Now they armed themselves with M4s and machine guns, MP-5s and sniper rifles. Their armor was Kevlar and composite.

None of it was any good without the Kildar, though.

“I could beat him up,” Master Chief Charles Adams said.

The burly and bald-headed former SEAL had known the Kildar for years, since both were in BUDS together in the infamous Class 201. They’d been on the same team, briefly, then the Kildar had gone off to teach meats while Adams climbed the ladder of rank. Adams had next run into his old buddy in a stinking underground fortress in Syria, finding him shot to ribbons after holding off, with very little support, a Syrian commando battalion.

Later his “friend” had called him up and asked him to assemble a team and come train some weird group of mountain people in the country of Georgia.

Adams had been hanging out ever since. The Keldara were great people, the scenery was awesome, the living conditions, given that there were three hookers in-house, were great and the beer was fucking awesome.

He acted as the Kildar’s field second and had been at his side for several hairy ops. But it wasn’t the ops, directly, that had led to this fuck-up. Just one fucking casualty. You’d think a big guy could get over one fucking casualty, no matter how good a piece of ass it had been.

“I don’t think that would help,” Colonel David Nielson said dryly.

The colonel was a former infantry and civil affairs officer, Ranger tabbed, airborne qualified and once an instructor at the War College. The only professional officer in the group, he acted as the Kildar’s chief of staff.
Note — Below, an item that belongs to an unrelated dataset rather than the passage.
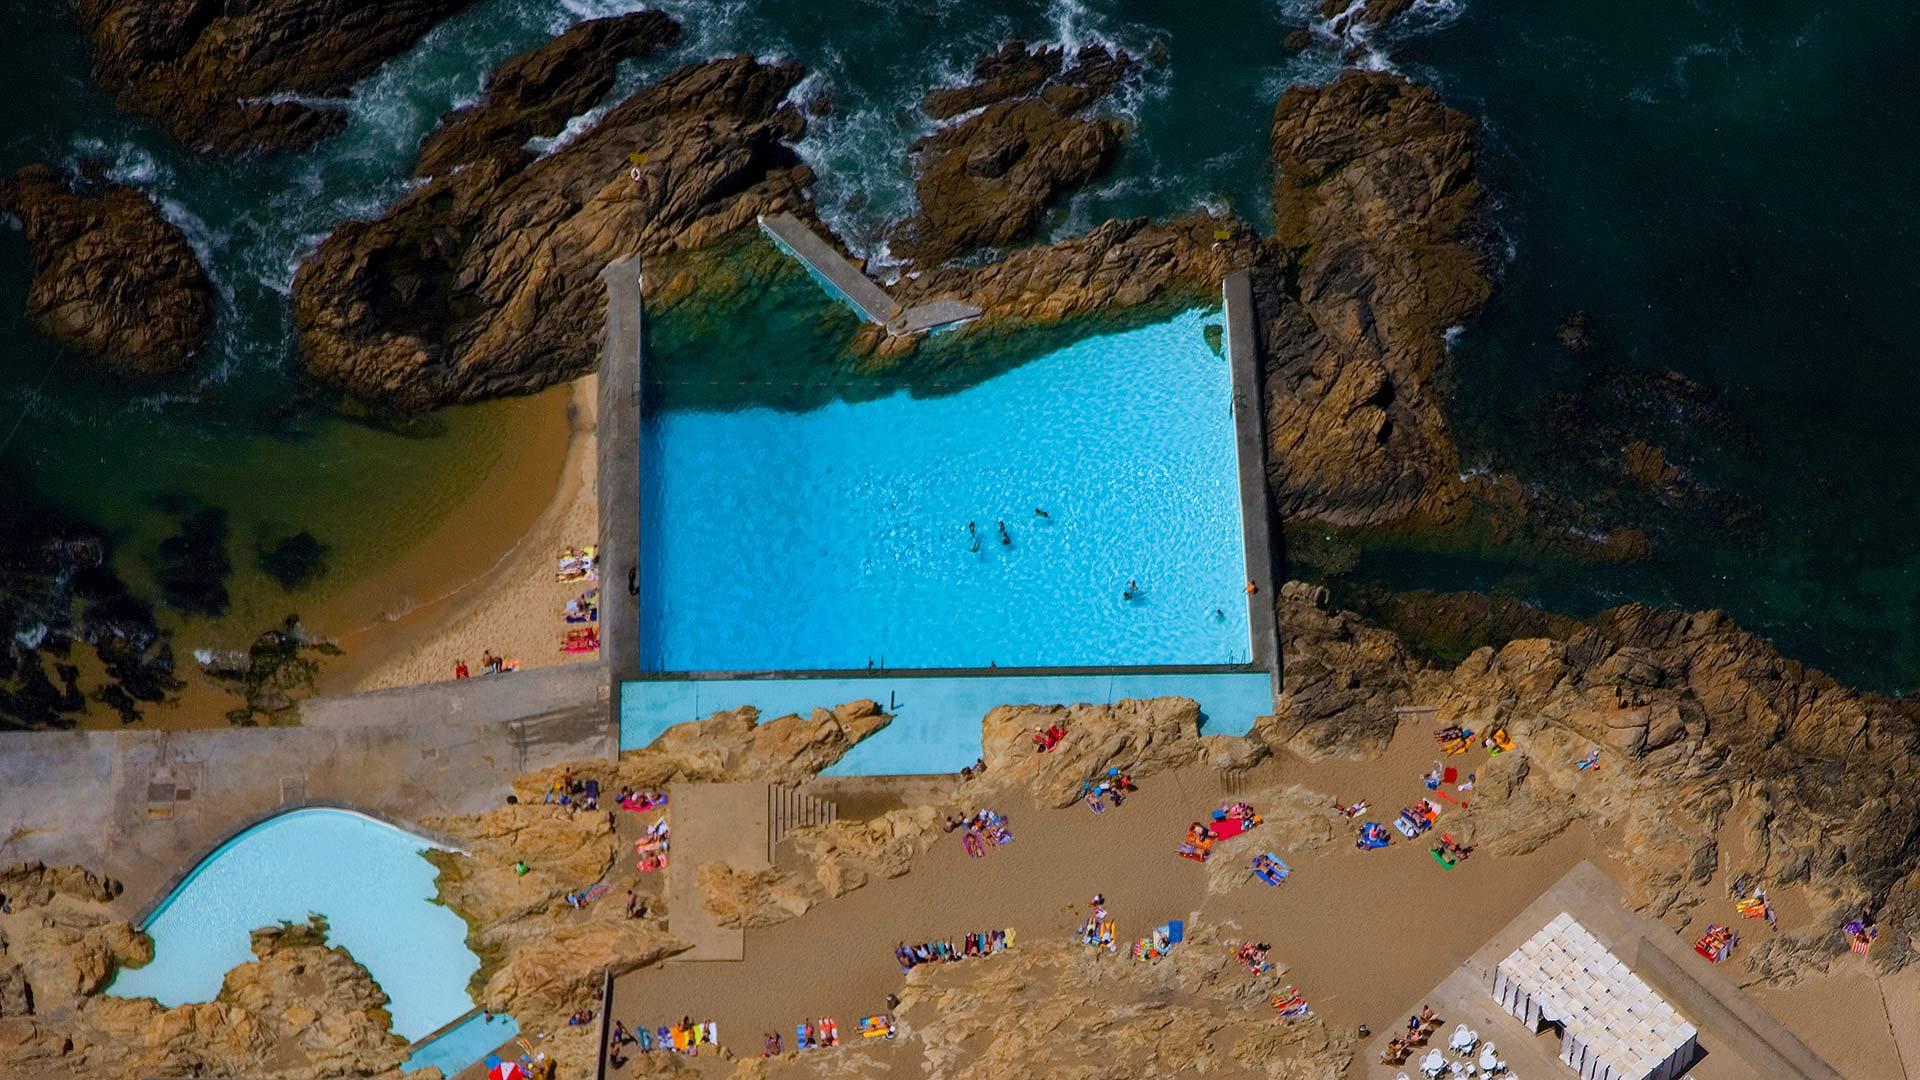 Tidal pools of Leça da Palmeira, Portugal (© Fernando Guerra/age fotostock)(Bing United States)

Short, with black hair going gray and green eyes that worked remarkably well on the ladies, he was about ready to go for the master chief’s suggestion.

“It’d help me,” Adams argued. “I’m about sick of his pouting.”
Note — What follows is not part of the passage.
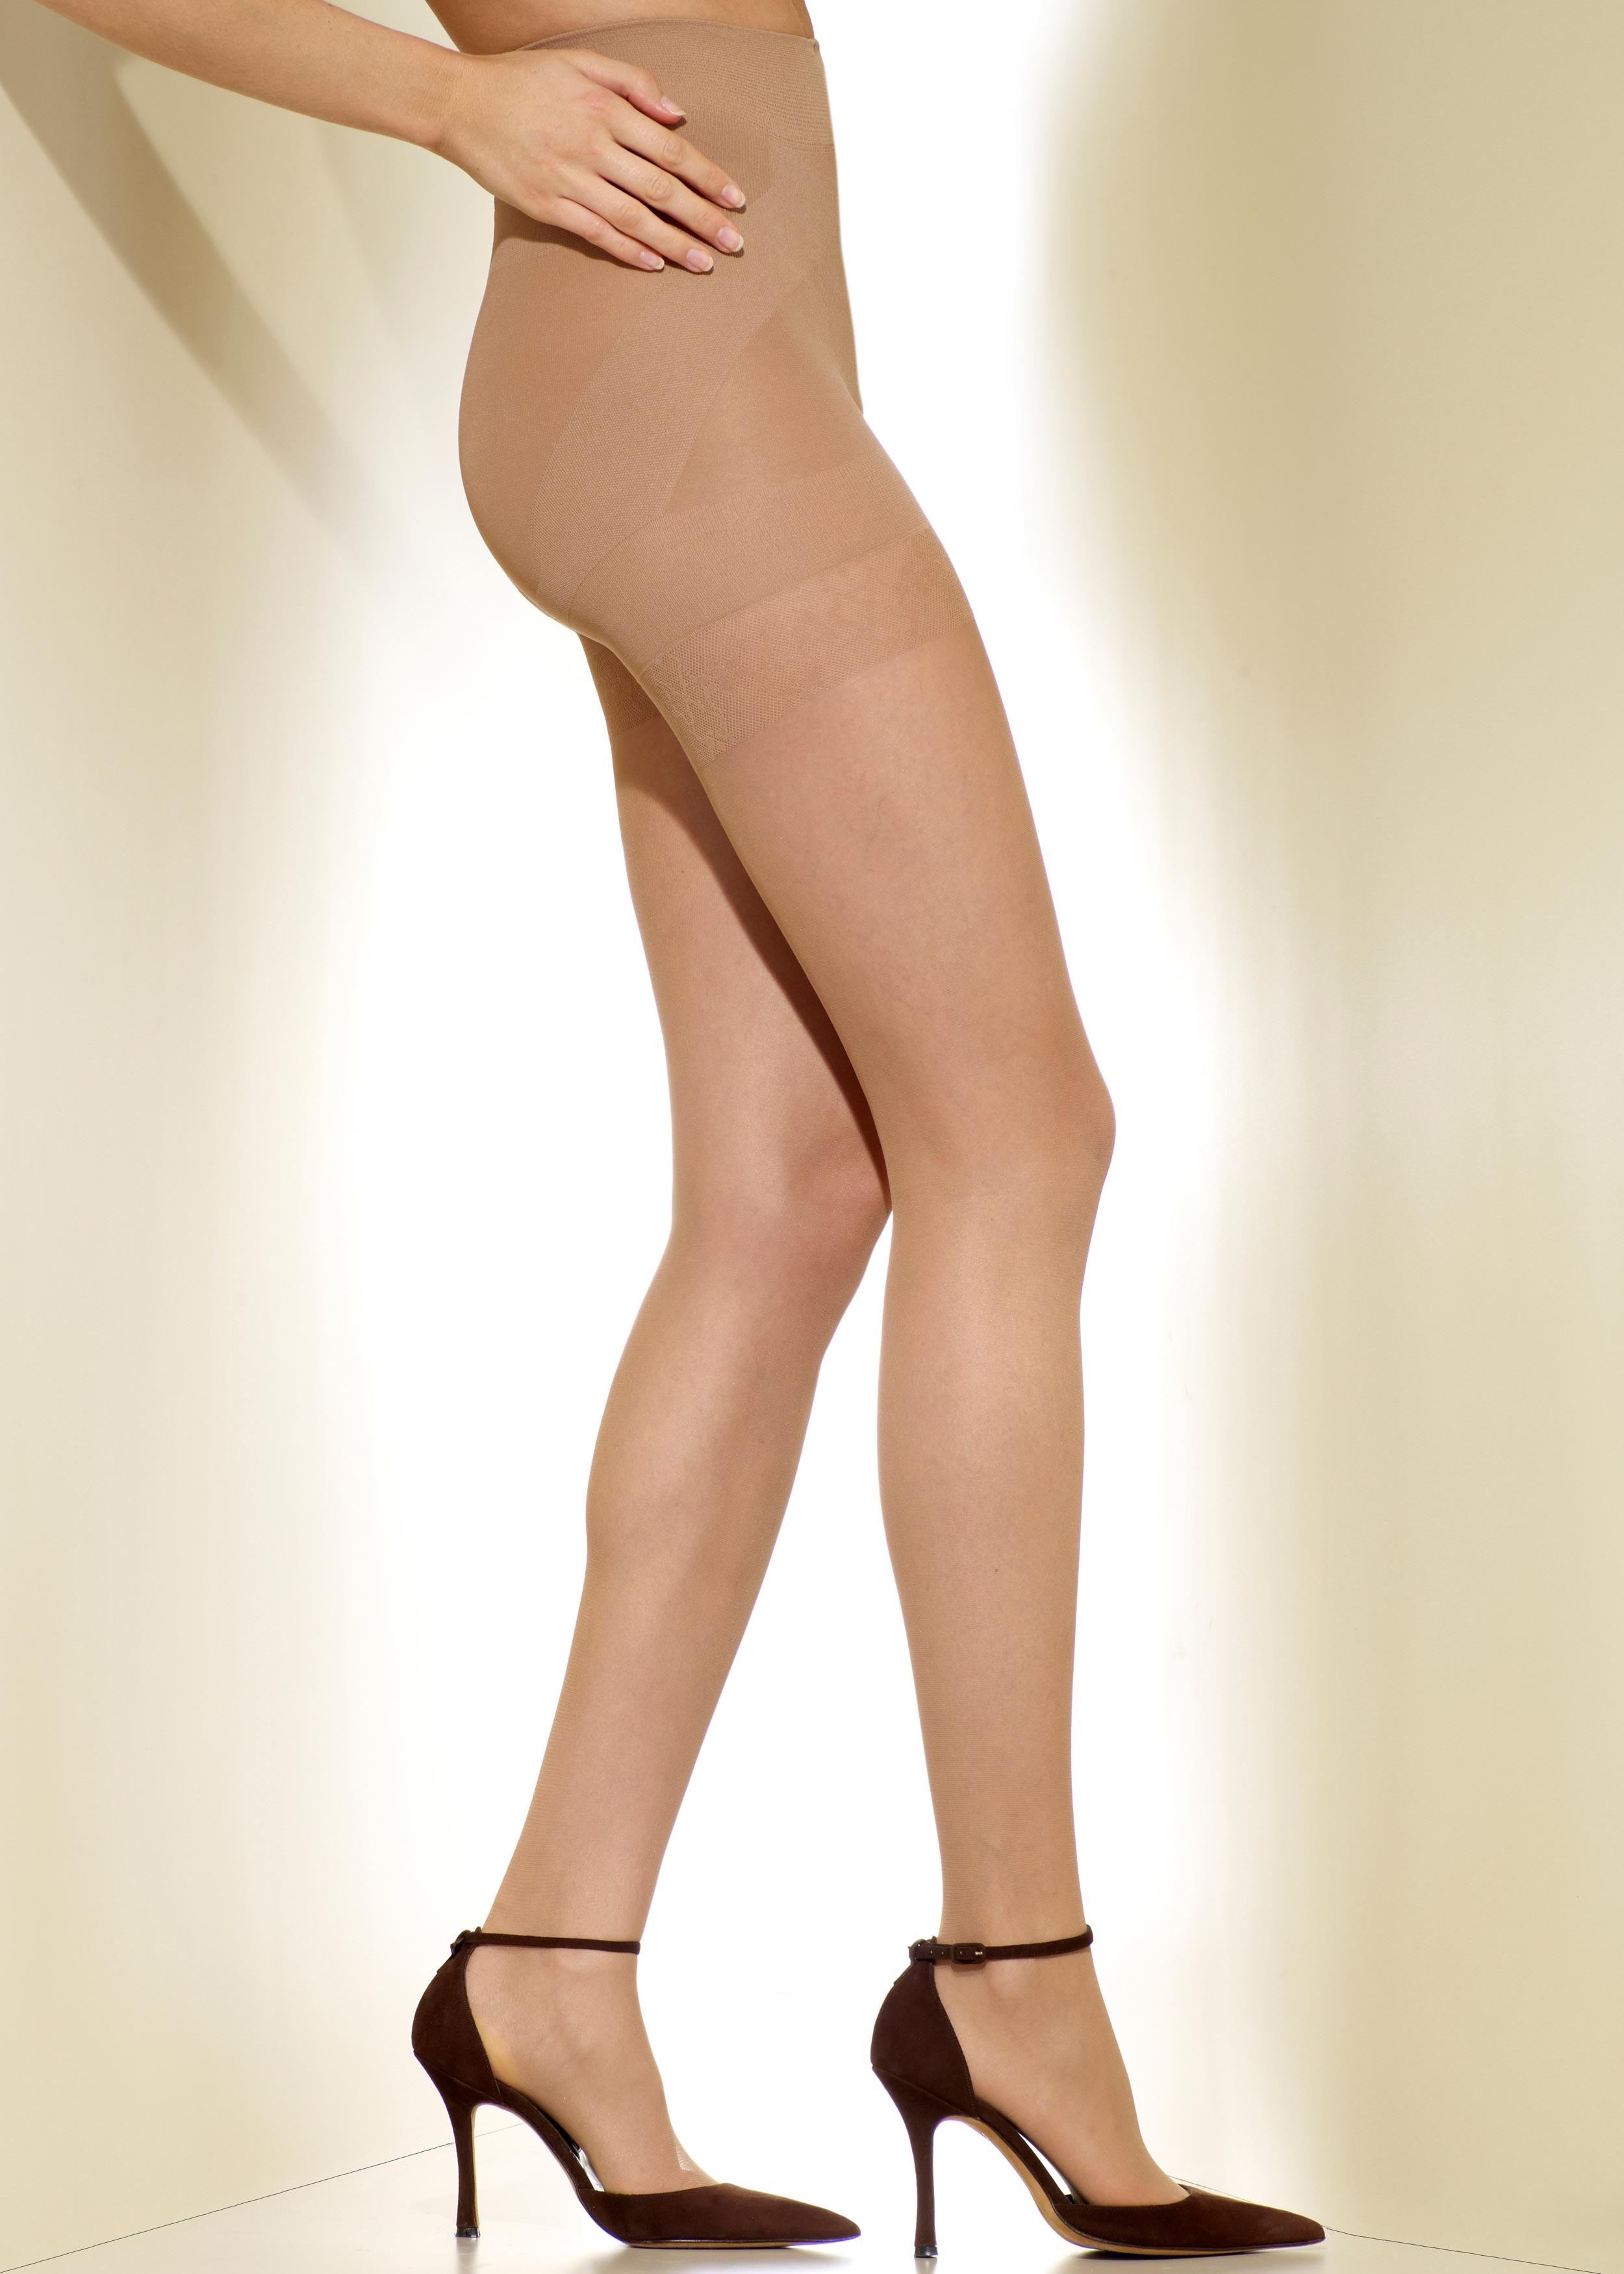 Toe Pantyhose Lined Sheer 22

“The Kildar is soul damaged,” Father Kulcyanov said wheezily. The oldest remaining Father, Kulcyanov was a veteran of WWII, in the Red Army. He’d been in every major campaign, to include Stalingrad, and had so many medals he kept them in a very large box. In addition, he acted as the Keldara’s high priest. Given that that position had to be held by a warrior, it made sense. “It has happened before.”
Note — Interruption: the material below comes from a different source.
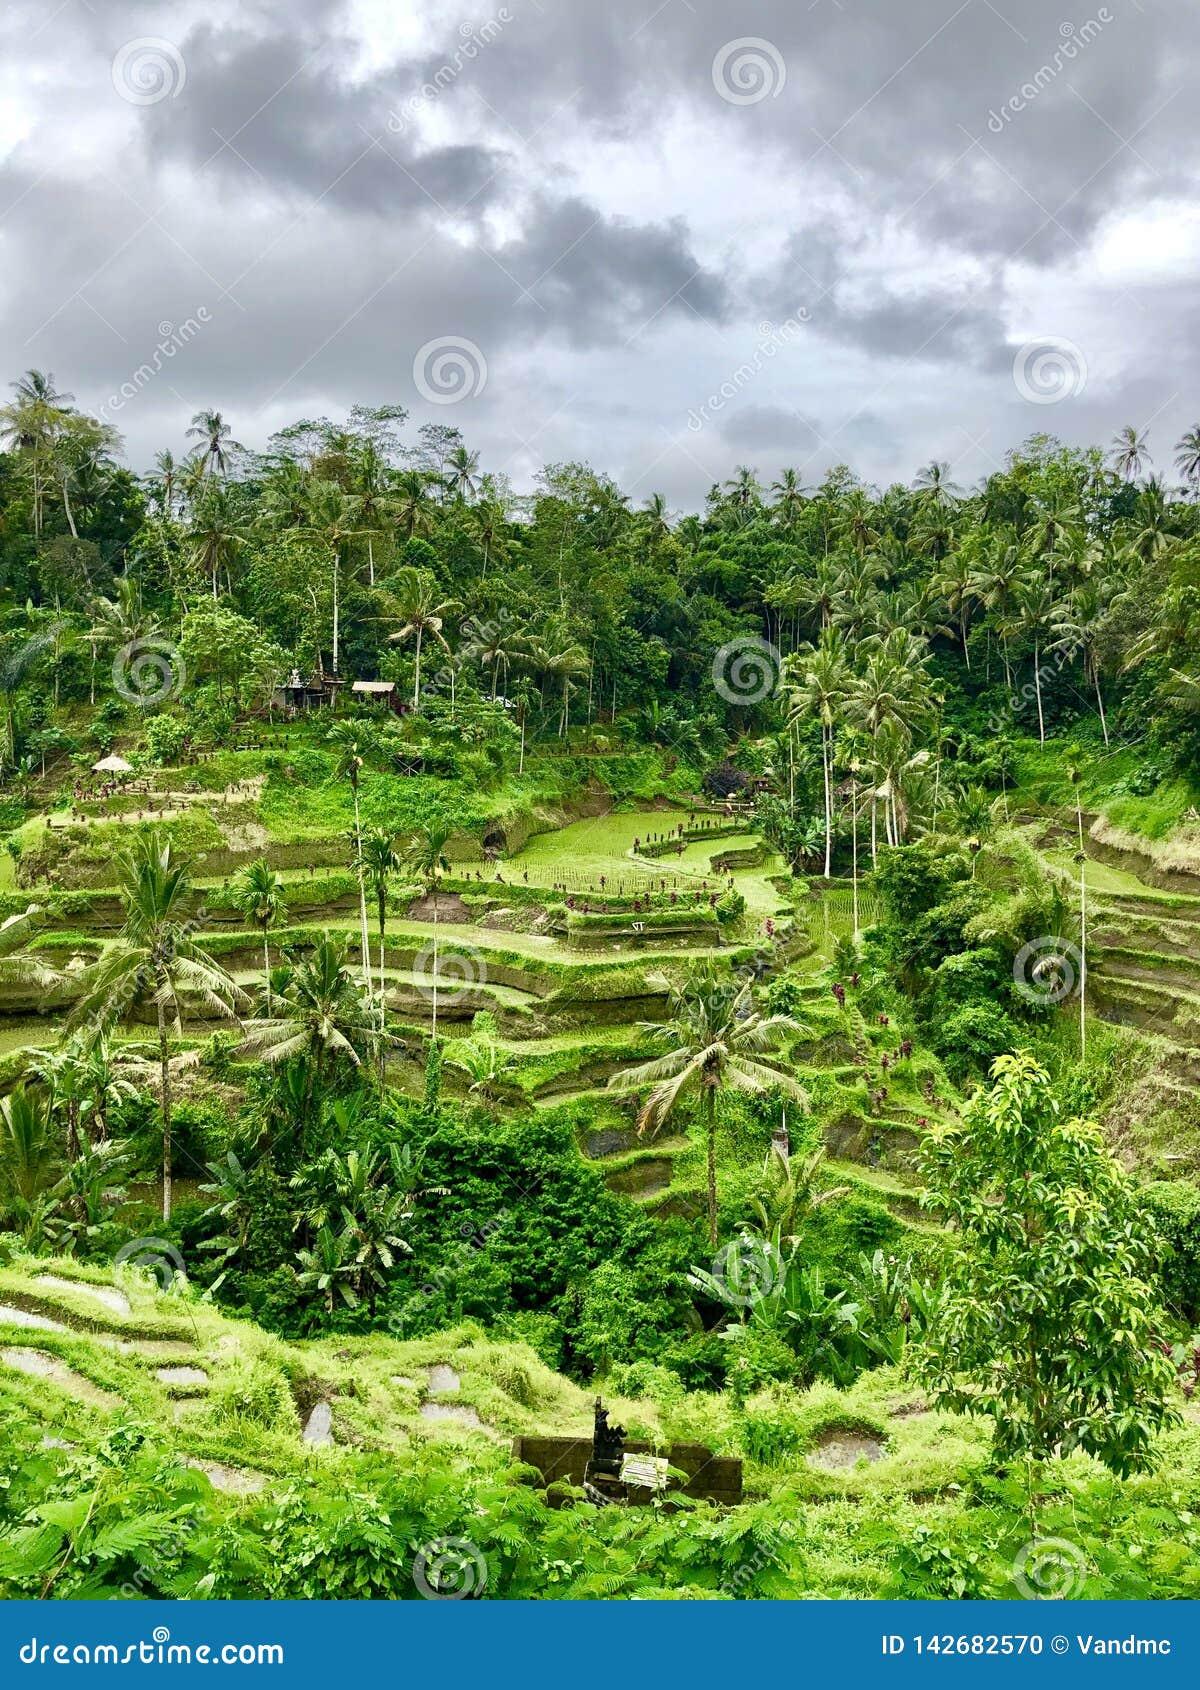 Unusually beautiful rice terraces photo

“I hate to say this, but I have to question this whole Rite thing,” Captain Kacey Bathlick said. One of the pilots recently hired to support the Keldara, she knew she was the most junior member of the group, at least in experience. But not only had she proven her merits on the last mission, she wasn’t the sort to just keep her mouth shut. And, hell, Gretchen had been her crew-chief. She was pissed about her getting blown away but she wasn’t sitting crying in her fucking room! She’d just sent the Chechens who did it to meet Allah. Blasted the hell out of them, actually. “I mean, I get the whole point and the history. But fraternization is never a good idea.”

“That is, unfortunately, a point that is past,” Anastasia Rakovich pointed out. The “house manager” for the Kildar, she was a former harem slave and harem manager hired to fulfill much the same role. She had more or less inserted herself into the position of “house manager” since the Keldara housekeeper, Mother Savina, was less than experienced in managing the household of a lord. Anastasia had been a junior manager from the time she was seventeen and the manager of an Uzbek sheik’s household from the time she was twenty-one. Still only twenty-seven, she was model beautiful with long blonde hair and blue eyes, much like the late Gretchen Mahona. But while she regularly warmed the Kildar’s bed, and he her back, given that she was a high-level sexual masochist, the Kildar had never been infatuated with her as he had become with Gretchen. “And, frankly, if he’d had more time with her the hurt might have been less. Or more, I don’t know,” she added with a sigh.